Dataset extract:
[Start of section]
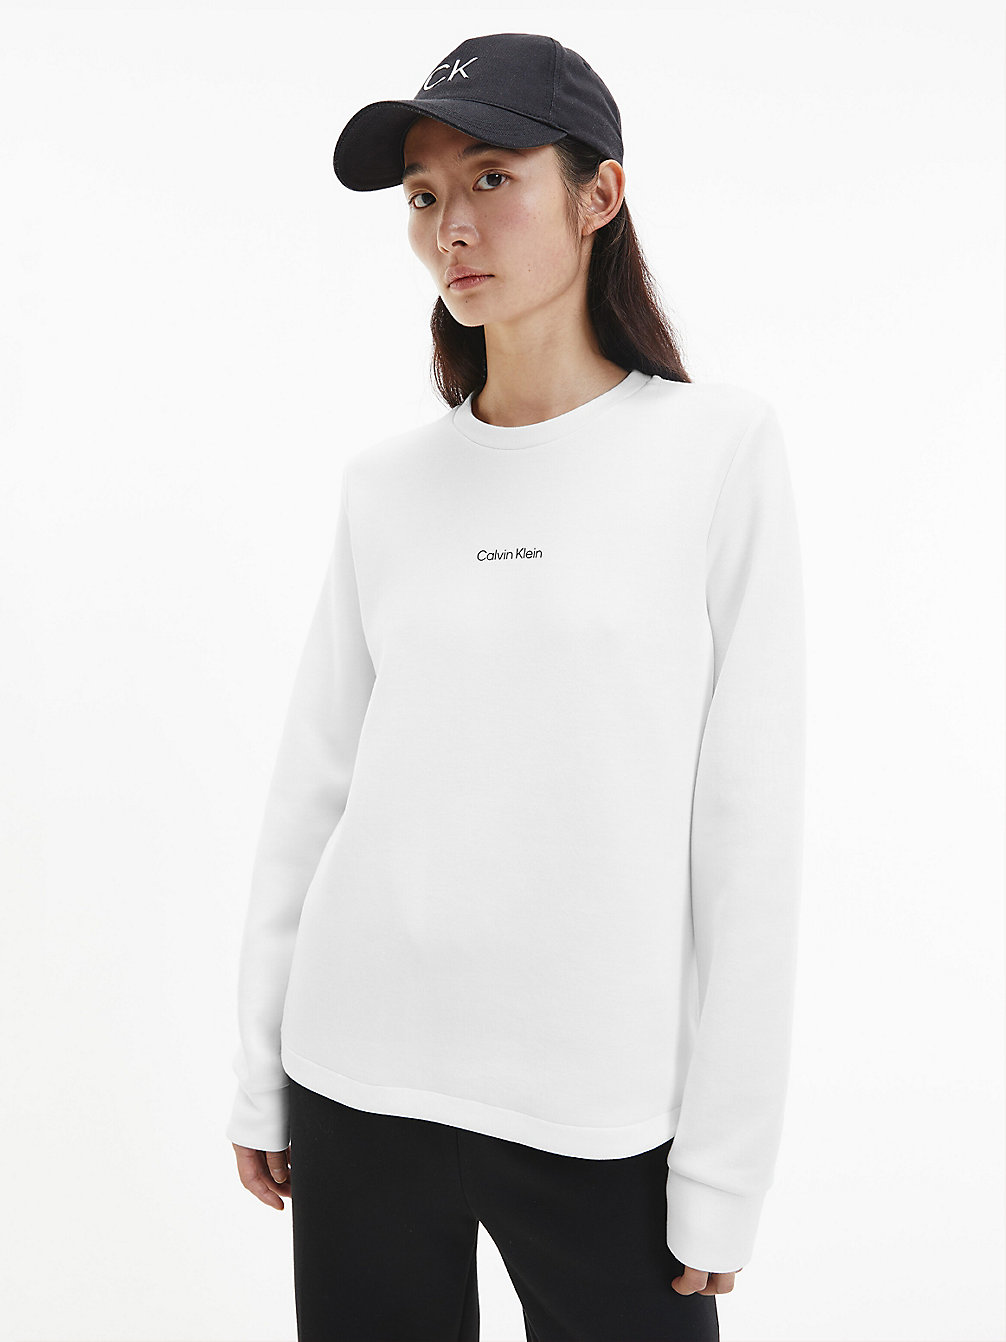 BRIGHT WHITE Sweatshirt Aus Bio-Baumwolle undefined Damen Calvin Klein
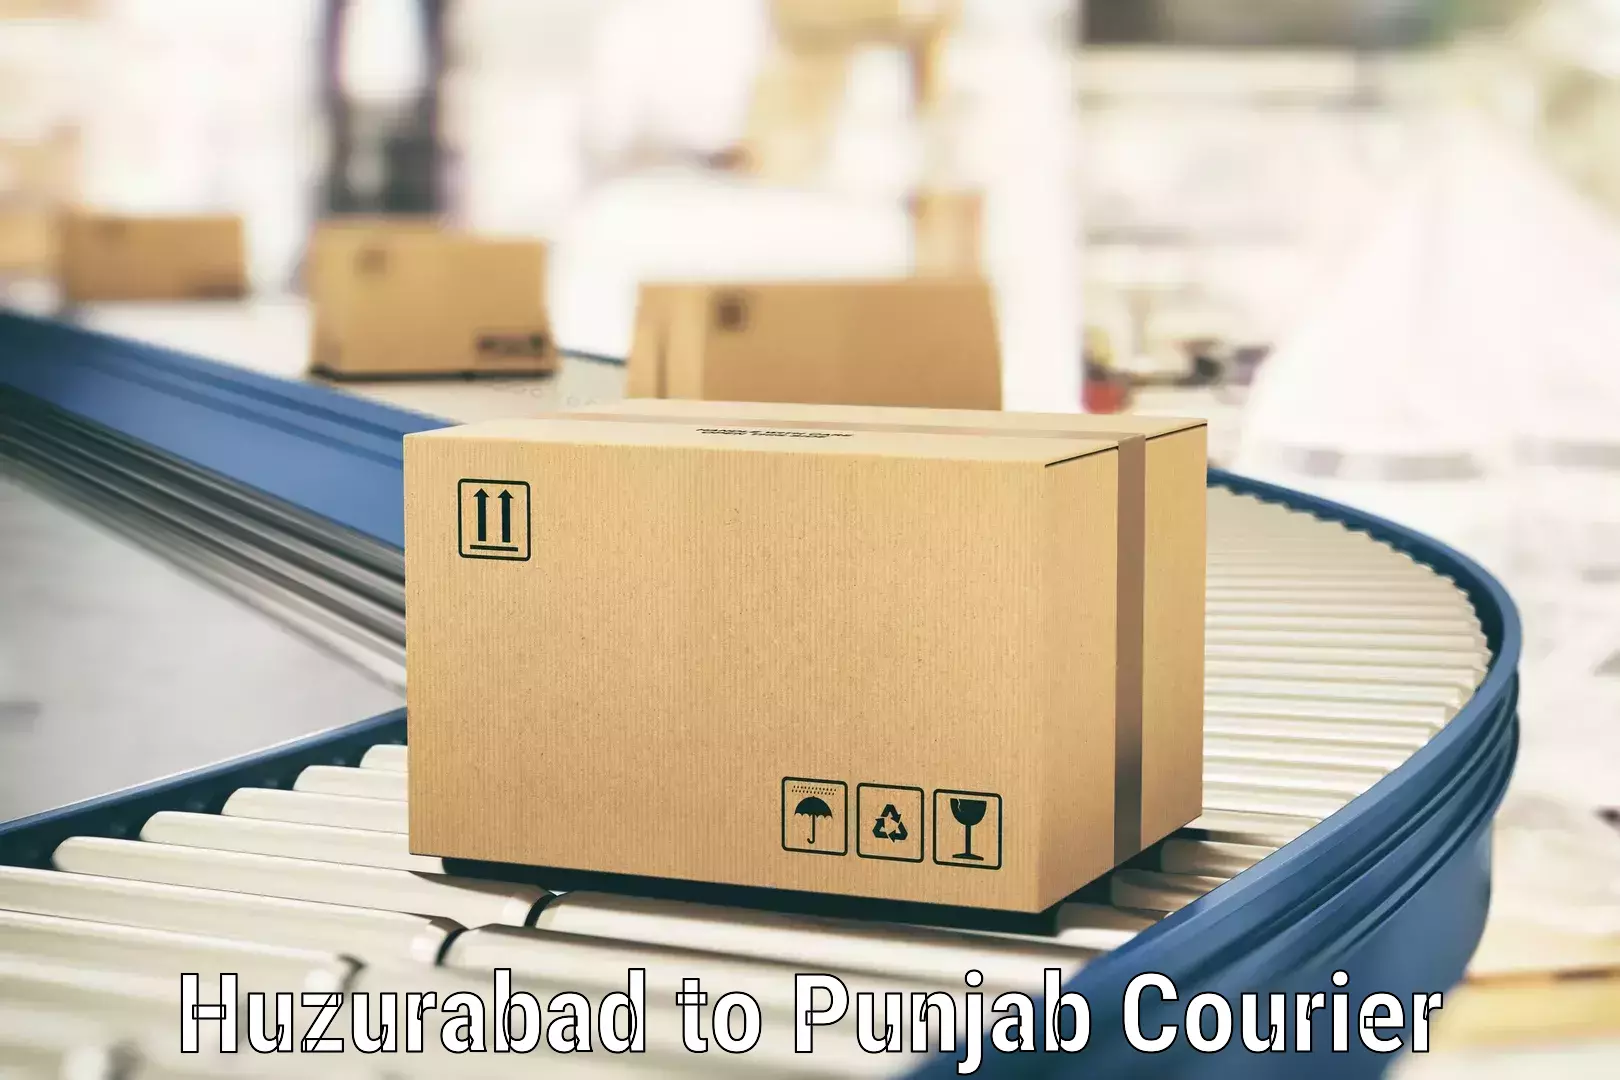 High-efficiency logistics Huzurabad to Begowal
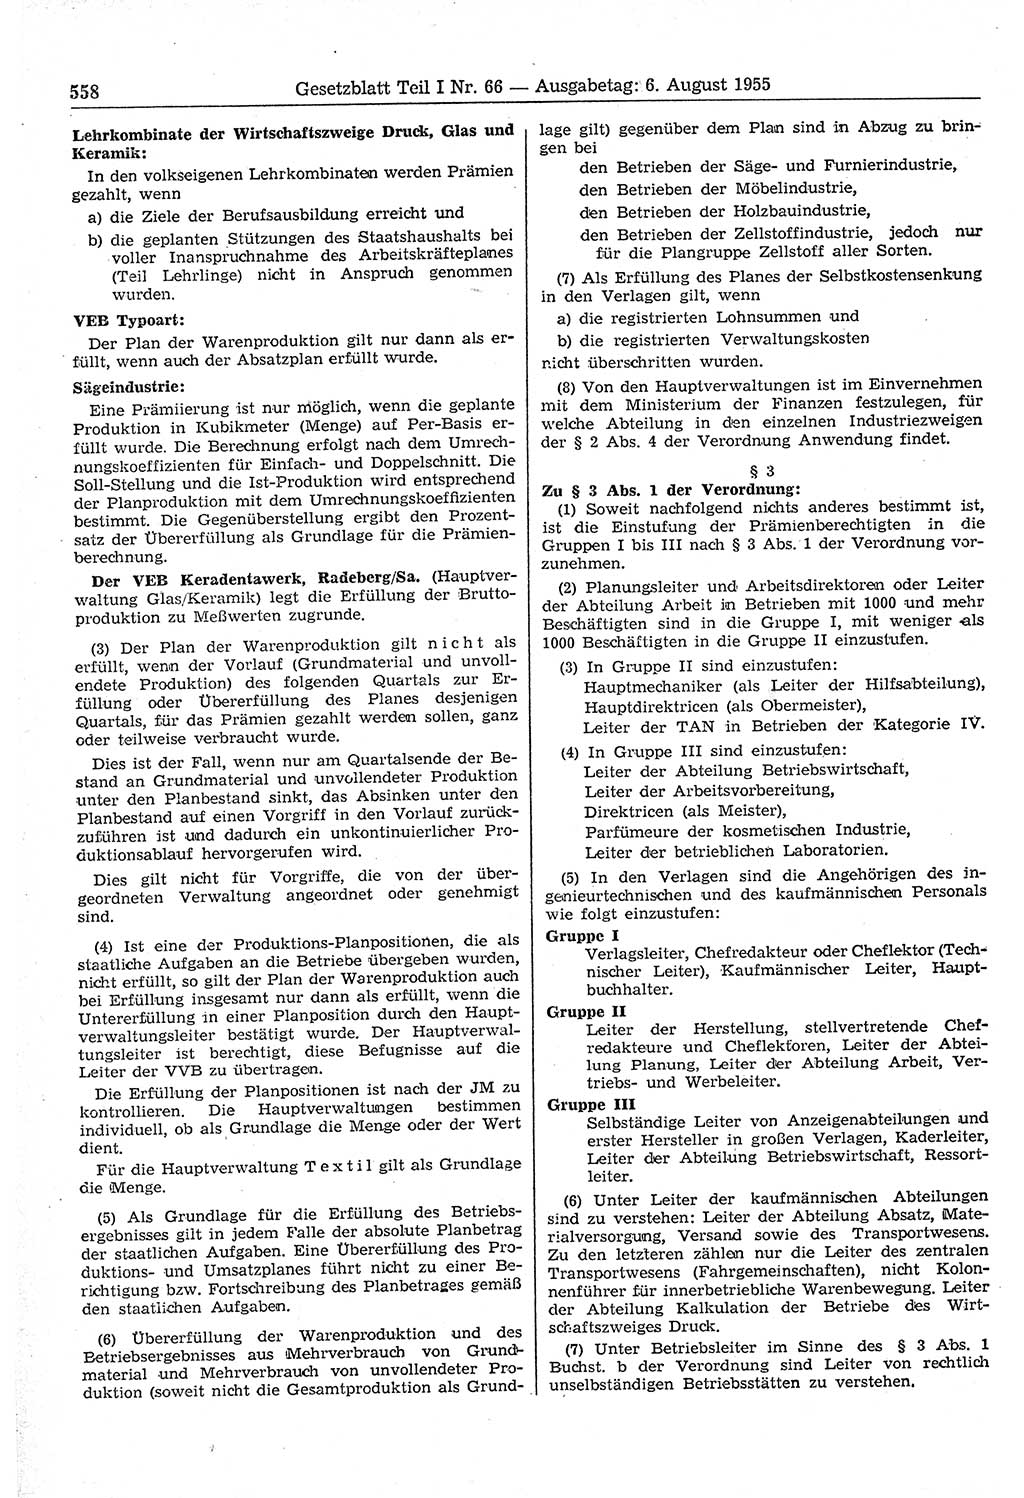 Gesetzblatt (GBl.) der Deutschen Demokratischen Republik (DDR) Teil Ⅰ 1955, Seite 558 (GBl. DDR Ⅰ 1955, S. 558)
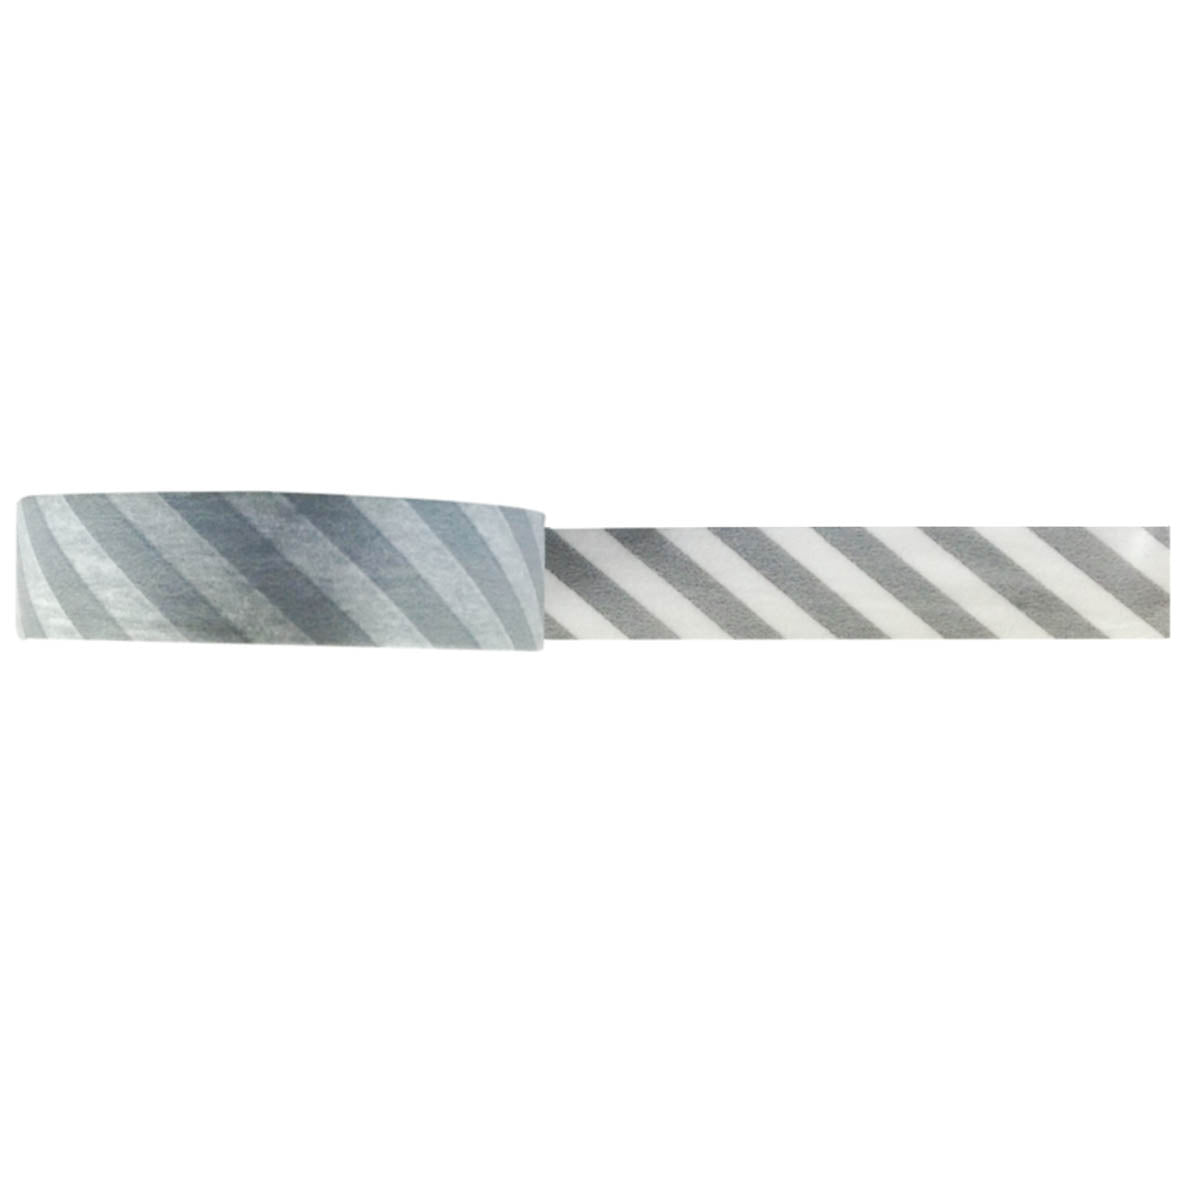 Wrapables Striped Japanese Washi Masking Tape
[End of section]
No pictures belong in the output. It should reproduce exactly the lines from the one containing "High-efficiency logistics Huzurabad" through the end of the data, both ends included.

Your solution:
 High-efficiency logistics Huzurabad to Begowal
 Gesetzblatt (GBl.) der Deutschen Demokratischen Republik (DDR) Teil Ⅰ 1955, Seite 558 (GBl. DDR Ⅰ 1955, S. 558)
 Wrapables Striped Japanese Washi Masking Tape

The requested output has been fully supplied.